Kalende of June, Nonae of Julius, Days in the Life
I just finished up an extra gig that’s been keeping me busy, training new recruits to the Clown Factory. I love these kinds of assignments best as I excel at indoctrination and spirit-breaking. I apologize for the lack of updates; while I’ve been busy that isn’t unusual or an excuse, it’s more like I’ve been blocked. It’s weird because I’ve been painting like hell lately; among other things I’ve just about finished Hypatia and I am filled with a little thrill every time I walk past it on the easel. I started it years ago, but my process for larger pieces is often long periods of brooding punctuated by furious bursts of activity, so there’s nothing unusual about that. I get self-conscious talking about my process or aesthetic though, but I do think about it quite a bit.
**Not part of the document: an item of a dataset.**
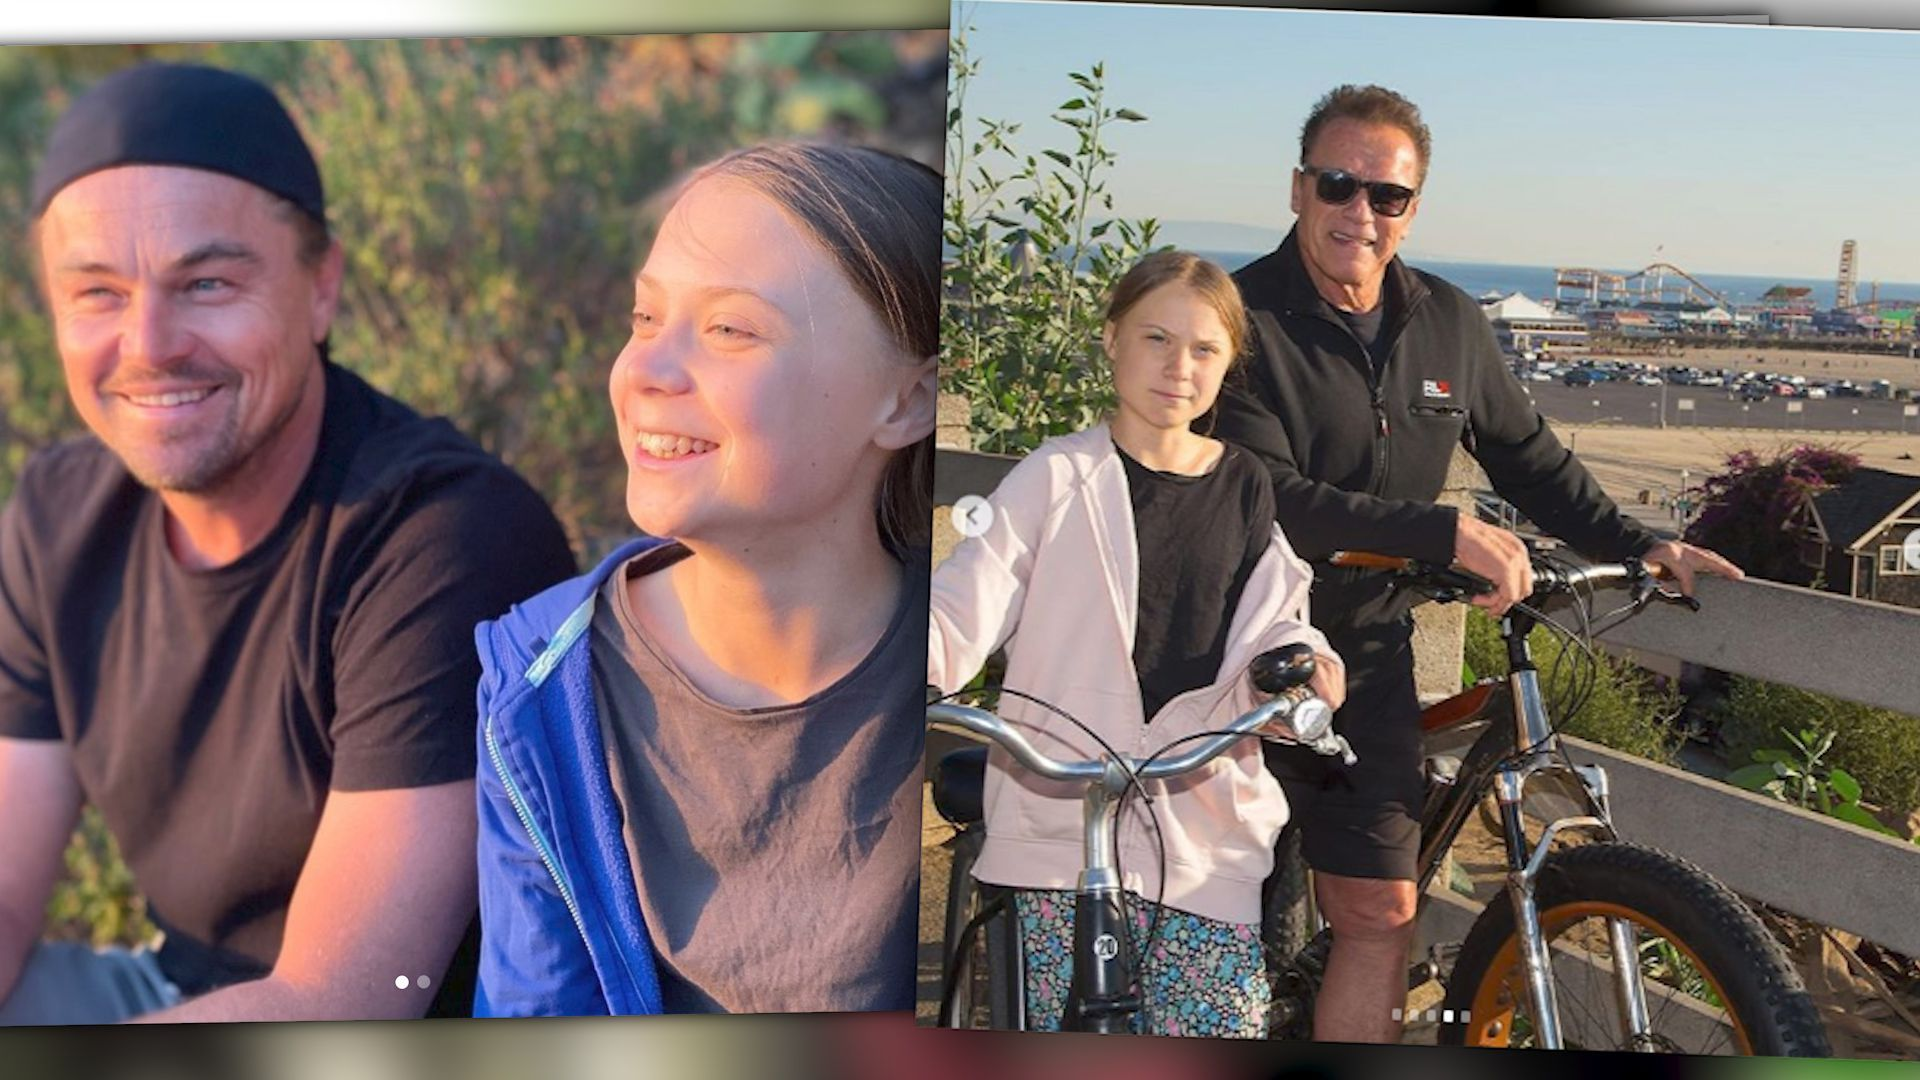 Auf dem Radel mit Arnold Schwarzenegger: Greta erobert Hollywood

The Fourth was nice, spent in Naperville with none of the momentousness of past adventures, though I certainly meditated on those memories over the weekend. I had a lovely time with Sam, Bea, and their interesting friends. The house was full of kids which gave the party a festive feel. I’ve been catching up with friends and family when I can; a few weeks ago I took my uncle to the Art Institute. We had the same trip last summer and it’s now officially a tradition for us. He moved to Tennessee many years back but we’re glad to have him come up for extended stays. He’s an artist of local accomplishment while continuing to recover from years of serious mental illness (he has a diagnosis of schizophrenia and manages his symptoms with a cocktail of medications). I especially enjoy encountering art with him as his perspective is fascinating.
Lily paid me a lovely compliment a few weeks ago and I really did appreciate it as she is someone who is very familiar with work I was doing a decade ago. I do feel that I have ‘leveled up’, or at least I am not an old dog because I am certainly learning new tricks. Part of my talk today was about the idea that to truly master anything requires about 10,ooo hours of practice, and the idea that what we practice is what we will perform. That is to say, those 10,000 hours must be quality effort to qualify as dues paid. I am so colordrunk with joy at my work these days I know that my account is up to date. At least that one is.